Out West is a 1947 short subject directed by Edward Bernds starring American slapstick comedy team The Three Stooges (Moe Howard, Larry Fine and Shemp Howard). It is the 99th entry in the series released by Columbia Pictures starring the comedians, who released 190 shorts for the studio between 1934 and 1959.

Plot
Shemp is suffering from an enlarged vein in his leg, and fears that it will lead to amputation. His doctor (Vernon Dent), however, advises that a few weeks in the old west will cure him. Upon arrival in a somewhat lawless town, the boys befriend the ruthless Doc Barker (Norman Willis). Barker listens to Shemp's story about his bad leg, mistaking "the biggest vein you ever saw" for a gold-bearing vein worth millions. The Stooges take a liking to Barker, but are later informed by the beautiful Nell (Christine McIntyre) that he is an outlaw who is holding the Arizona Kid (Jock Mahoney) hostage in the basement of the saloon.

The boys devise a plan to obtain the prison cell keys from Barker's coat. Shemp joins the outlaw in a game of Poker, while Moe and Larry prepare beverages for the card players. The two find every possible deadly chemical they can to add to their volatile drink, from Old Homicide to paint (plus paint remover). They also prepare a Sarsaparilla for Shemp to make sure their pal does not indulge in the suicidal drink. Barker downs the concoction, and screams for water. Shemp grabs a nearby fire hose and sprays the entire gang, soaking them. Moe and Larry quickly grab Barker's coat (claiming he will catch pneumonia) and get the cell keys to Nell, who frees the Arizona Kid. When Barker sees what has happened, he throws Larry in the cell with plans to kill him at sundown.

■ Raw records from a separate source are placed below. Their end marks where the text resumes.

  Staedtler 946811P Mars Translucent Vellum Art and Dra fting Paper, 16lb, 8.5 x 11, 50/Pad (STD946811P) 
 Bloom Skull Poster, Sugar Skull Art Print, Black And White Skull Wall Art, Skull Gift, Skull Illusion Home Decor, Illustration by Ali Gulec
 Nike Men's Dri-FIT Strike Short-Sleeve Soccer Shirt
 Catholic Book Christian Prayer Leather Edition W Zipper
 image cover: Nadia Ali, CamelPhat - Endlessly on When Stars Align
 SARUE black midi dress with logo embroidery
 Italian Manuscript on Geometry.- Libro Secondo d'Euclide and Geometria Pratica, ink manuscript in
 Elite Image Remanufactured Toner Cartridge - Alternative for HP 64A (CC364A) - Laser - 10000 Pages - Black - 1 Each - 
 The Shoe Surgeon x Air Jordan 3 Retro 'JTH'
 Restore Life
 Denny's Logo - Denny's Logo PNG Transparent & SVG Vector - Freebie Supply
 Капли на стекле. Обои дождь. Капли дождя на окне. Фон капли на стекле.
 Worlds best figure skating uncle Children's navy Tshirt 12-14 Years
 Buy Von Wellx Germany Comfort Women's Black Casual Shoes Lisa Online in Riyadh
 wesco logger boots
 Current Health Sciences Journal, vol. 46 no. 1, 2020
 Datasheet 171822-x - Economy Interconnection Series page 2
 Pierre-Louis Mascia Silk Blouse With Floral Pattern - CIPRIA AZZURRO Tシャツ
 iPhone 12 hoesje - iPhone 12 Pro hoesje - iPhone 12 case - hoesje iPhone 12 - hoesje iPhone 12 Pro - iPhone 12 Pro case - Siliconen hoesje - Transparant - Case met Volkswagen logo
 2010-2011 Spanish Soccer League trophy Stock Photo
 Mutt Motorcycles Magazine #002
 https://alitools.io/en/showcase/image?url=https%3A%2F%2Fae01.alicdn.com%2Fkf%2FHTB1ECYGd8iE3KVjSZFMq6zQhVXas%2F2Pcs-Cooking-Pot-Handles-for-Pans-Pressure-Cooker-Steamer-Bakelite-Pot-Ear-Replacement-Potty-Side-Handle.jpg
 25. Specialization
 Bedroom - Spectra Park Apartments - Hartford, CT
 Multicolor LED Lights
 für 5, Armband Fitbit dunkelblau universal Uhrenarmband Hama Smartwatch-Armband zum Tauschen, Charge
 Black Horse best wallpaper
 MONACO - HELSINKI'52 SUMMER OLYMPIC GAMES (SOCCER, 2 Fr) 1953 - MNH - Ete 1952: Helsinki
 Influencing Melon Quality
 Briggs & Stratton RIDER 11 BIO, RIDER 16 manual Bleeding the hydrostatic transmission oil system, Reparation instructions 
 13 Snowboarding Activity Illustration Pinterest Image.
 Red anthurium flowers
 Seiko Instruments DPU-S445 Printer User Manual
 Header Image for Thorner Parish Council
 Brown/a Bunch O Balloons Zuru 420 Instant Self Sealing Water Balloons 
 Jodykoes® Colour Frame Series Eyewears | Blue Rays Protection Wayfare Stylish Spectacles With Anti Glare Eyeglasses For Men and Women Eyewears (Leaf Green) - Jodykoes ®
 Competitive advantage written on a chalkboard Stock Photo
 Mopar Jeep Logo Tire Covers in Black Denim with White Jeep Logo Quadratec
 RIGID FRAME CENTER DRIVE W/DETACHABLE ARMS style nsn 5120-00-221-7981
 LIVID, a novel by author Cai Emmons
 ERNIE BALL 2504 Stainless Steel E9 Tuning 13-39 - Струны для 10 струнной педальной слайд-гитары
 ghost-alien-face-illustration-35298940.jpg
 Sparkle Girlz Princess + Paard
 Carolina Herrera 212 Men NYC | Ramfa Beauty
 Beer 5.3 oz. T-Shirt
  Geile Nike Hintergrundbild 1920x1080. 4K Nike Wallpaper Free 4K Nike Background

Seeing how desperate the situation has become, the Arizona Kid goes to retrieve the United States Cavalry while Moe and Shemp attempt to free Larry using every tool they can find. Eventually, they spring Larry and defeat Barker and his gang.

Production notes
Out West was filmed July 8–11, 1946, and is the second short to feature Shemp Howard, taking the place of his brother Curly Howard. The film is also a remake of Pistol Packing Nitwits starring Harry Langdon and El Brendel. It would later be remade in 1954 as Pals and Gals, using ample stock footage.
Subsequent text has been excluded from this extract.